Given data:
◇ ◇ ◇

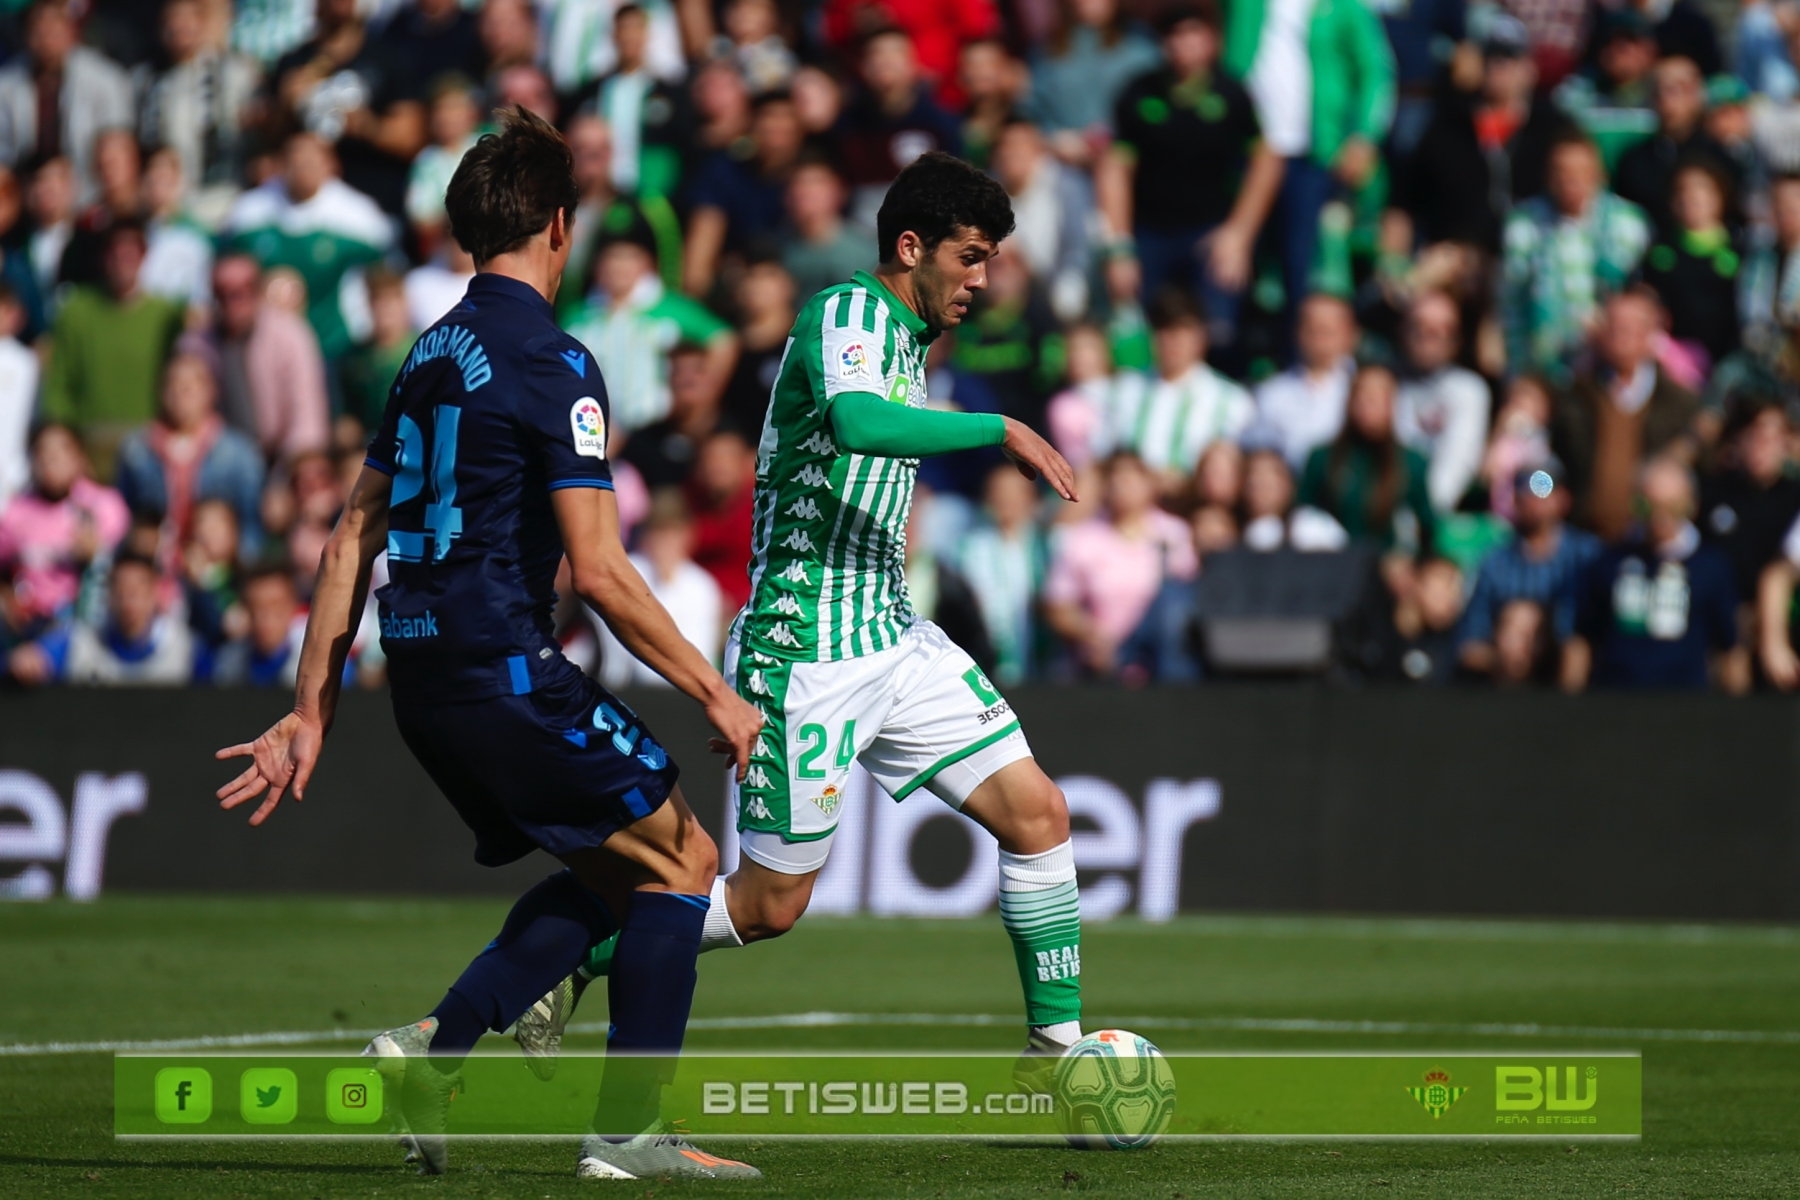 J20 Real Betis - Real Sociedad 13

◇ ◇ ◇

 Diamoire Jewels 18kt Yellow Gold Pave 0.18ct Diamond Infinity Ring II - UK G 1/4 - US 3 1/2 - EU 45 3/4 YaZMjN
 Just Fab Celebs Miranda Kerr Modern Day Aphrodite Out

◇ ◇ ◇

How to complete this task:
From the records above, give again exactly the lines running from the line with "Diamoire Jewels 18kt" to the line with "Just Fab Celebs", inclusive.

Answer section:
 Diamoire Jewels 18kt Yellow Gold Pave 0.18ct Diamond Infinity Ring II - UK G 1/4 - US 3 1/2 - EU 45 3/4 YaZMjN
 Just Fab Celebs Miranda Kerr Modern Day Aphrodite Out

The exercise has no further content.